- _Dataset extract_
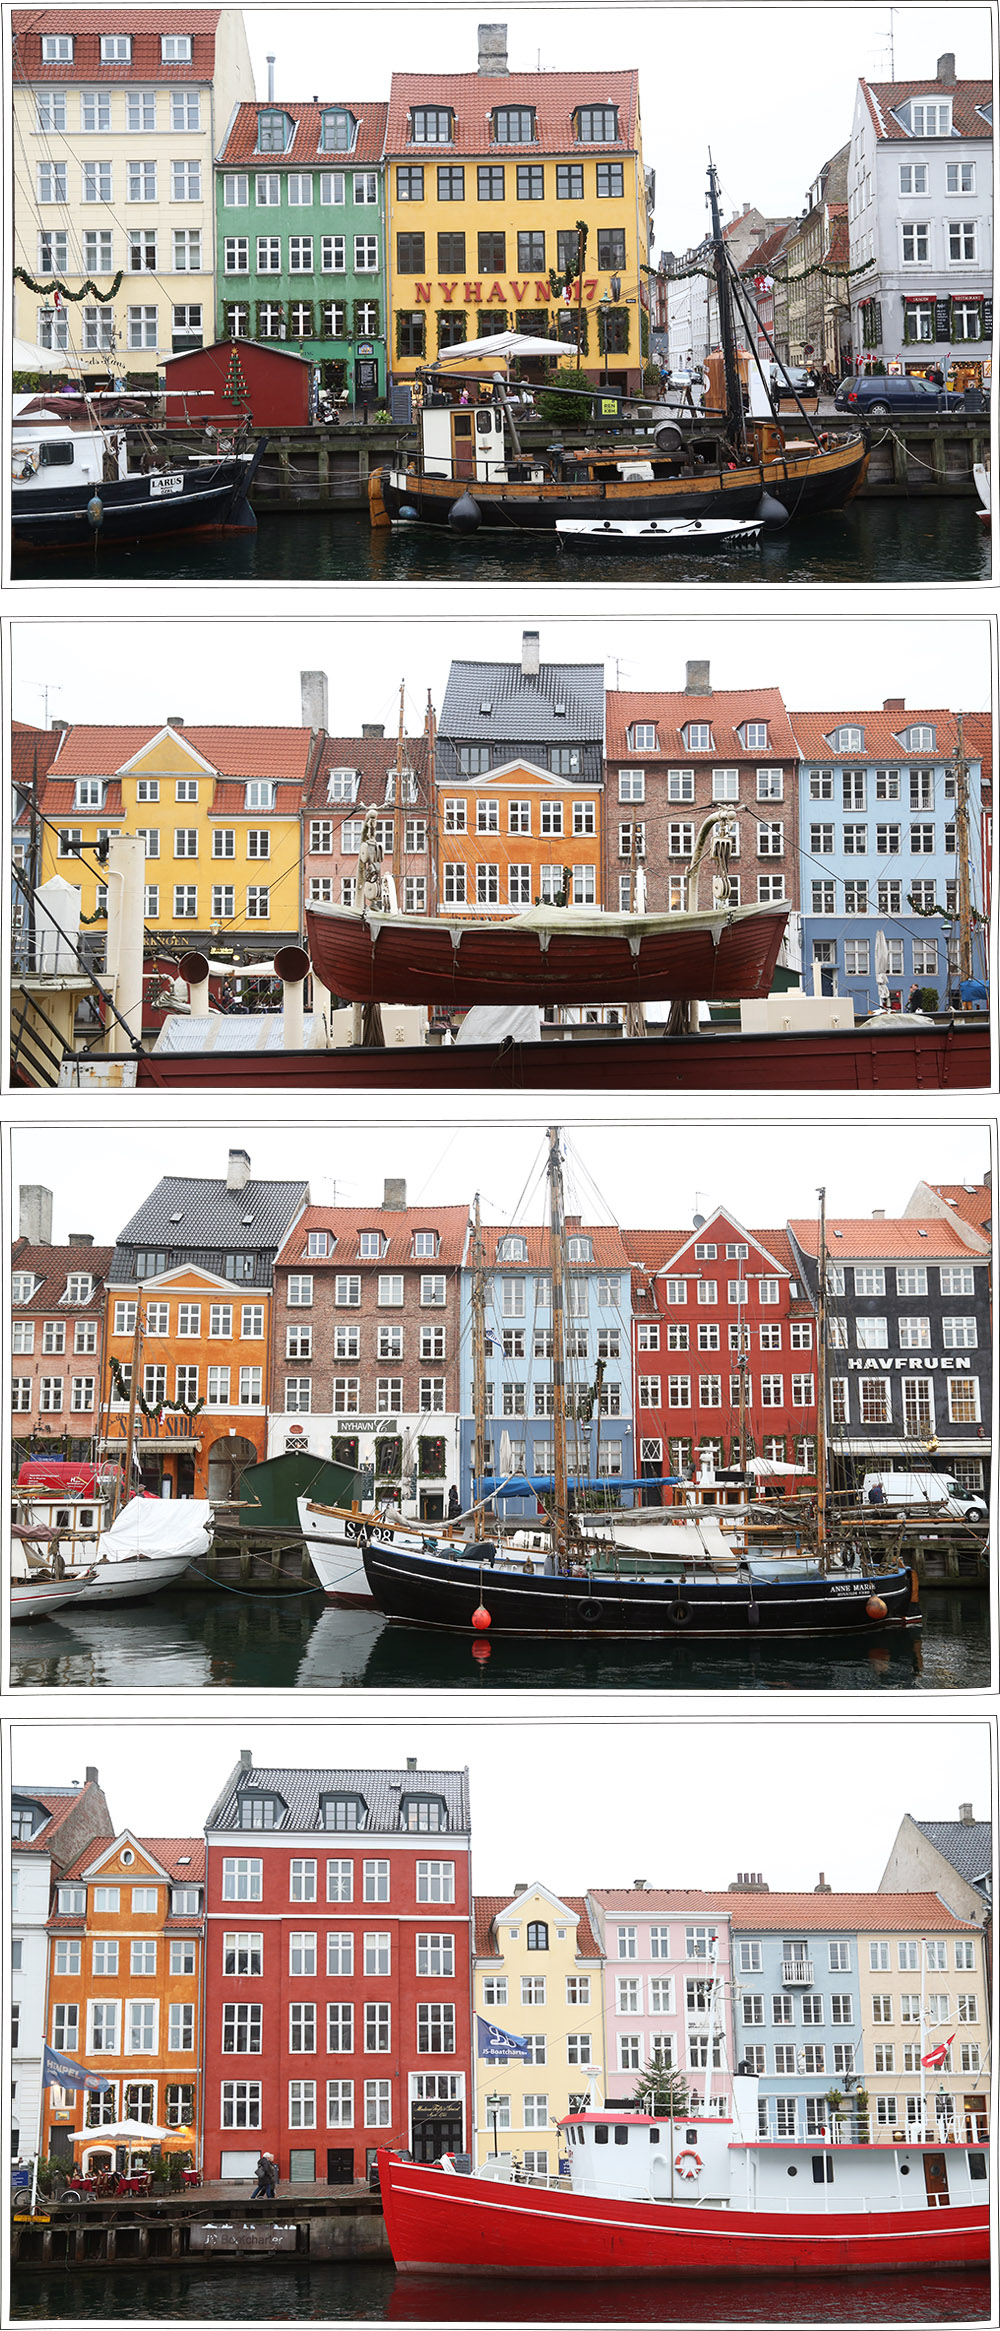 Week-end à Copenhague - Bonnes adresses - Carnet de voyage - Petits Béguins
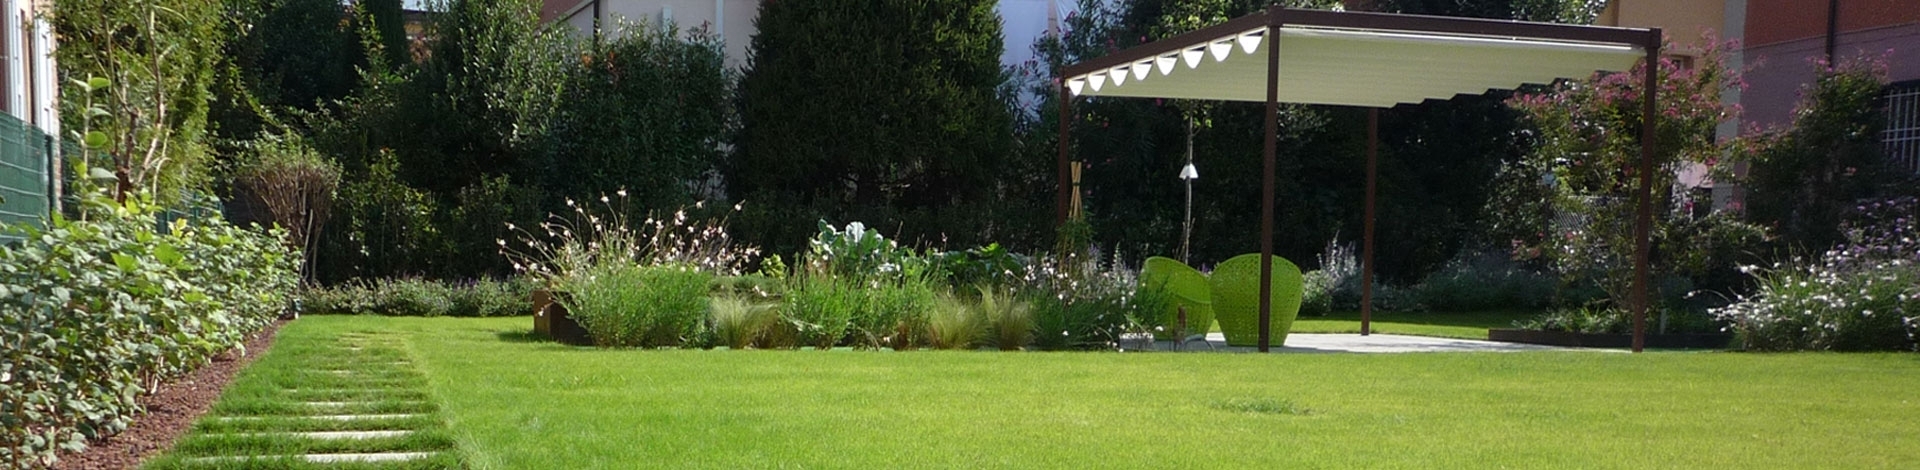 Giardini, Realizzazione Giardini, Come Realizzare un Giardino, Giardini Mediterranei, Giardini Zen
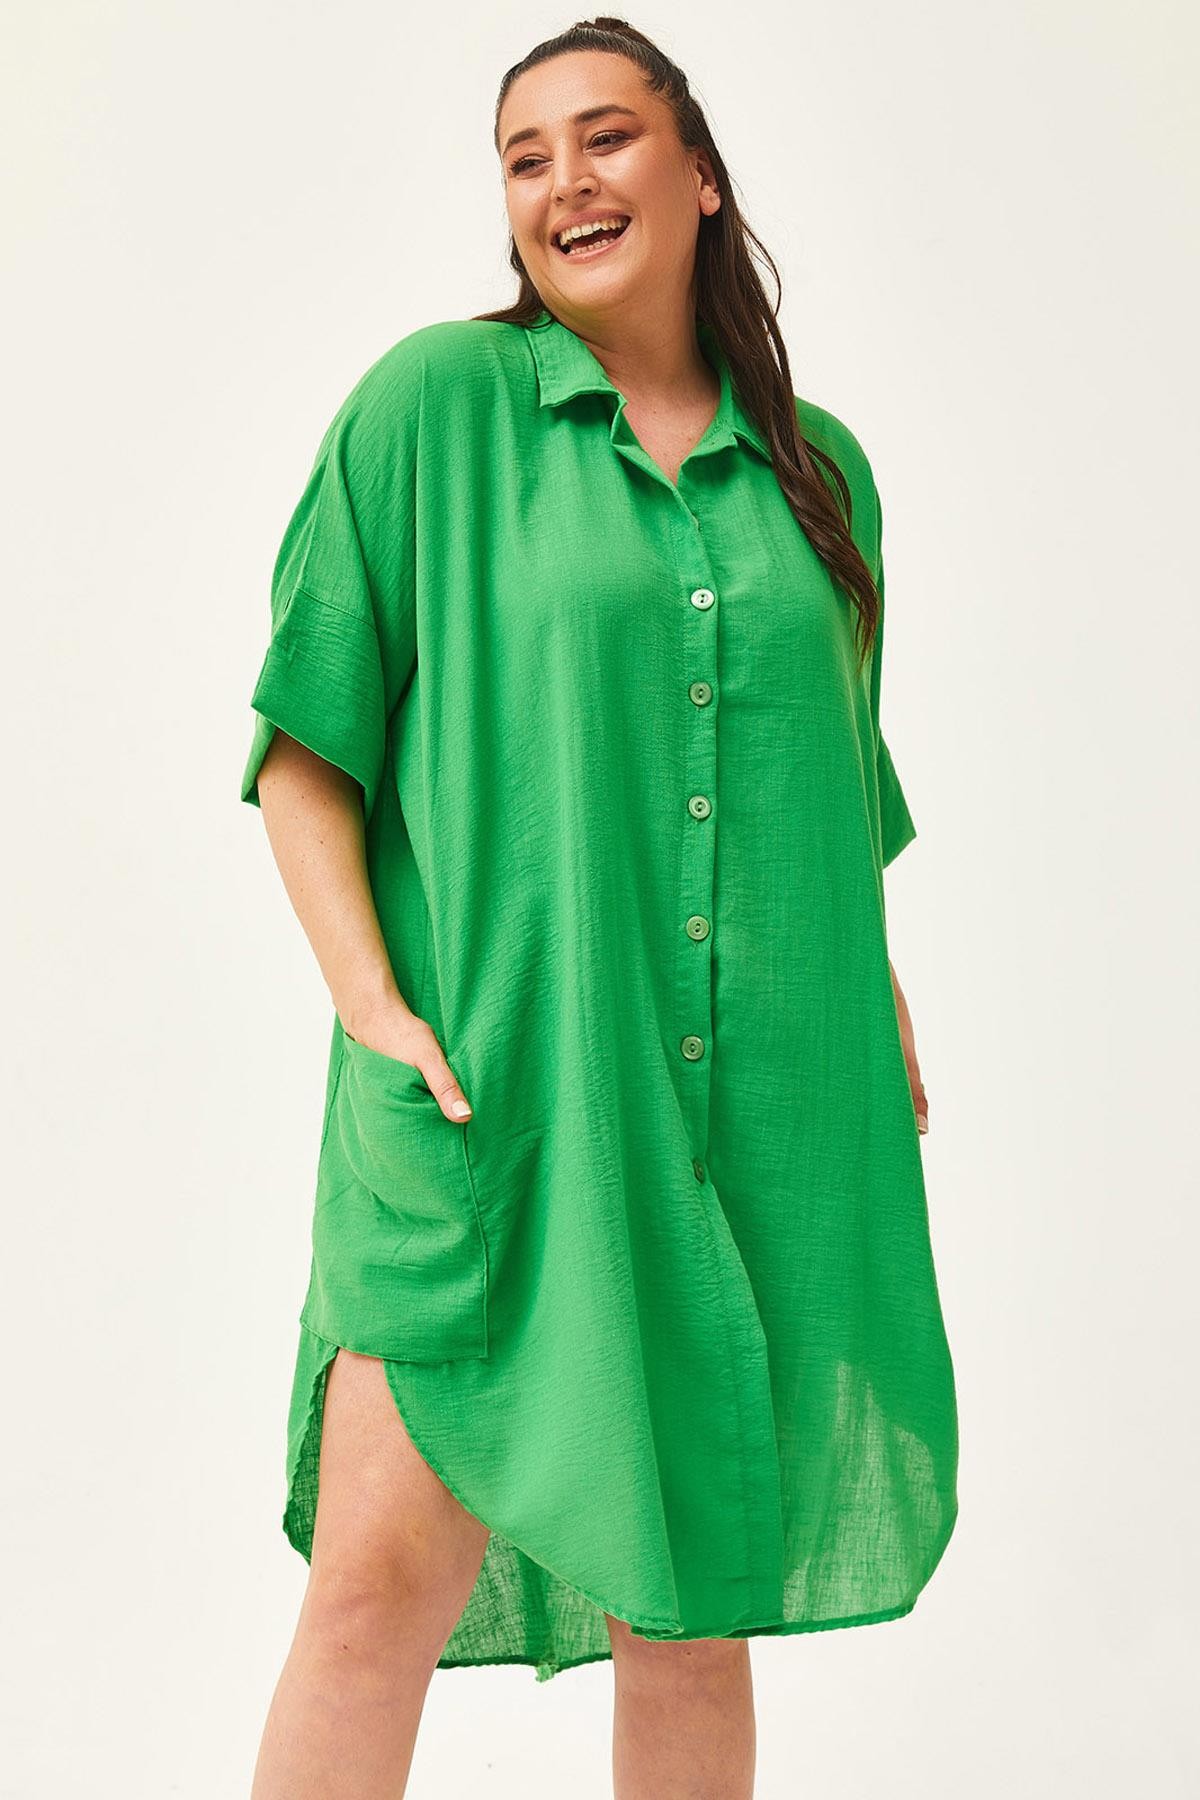 Kadın Büyük Beden Düşük Kol Ekstra Rahat Kalıp Keten Gömlek Elbise - Yeşil

- _Action item_
Drop the pictures, then transcribe the lines from the one containing "Giardini, Realizzazione Giardini, Come" to the end of the data above, exactly and nothing more.

- _Expected answer_
 Giardini, Realizzazione Giardini, Come Realizzare un Giardino, Giardini Mediterranei, Giardini Zen
 Kadın Büyük Beden Düşük Kol Ekstra Rahat Kalıp Keten Gömlek Elbise - Yeşil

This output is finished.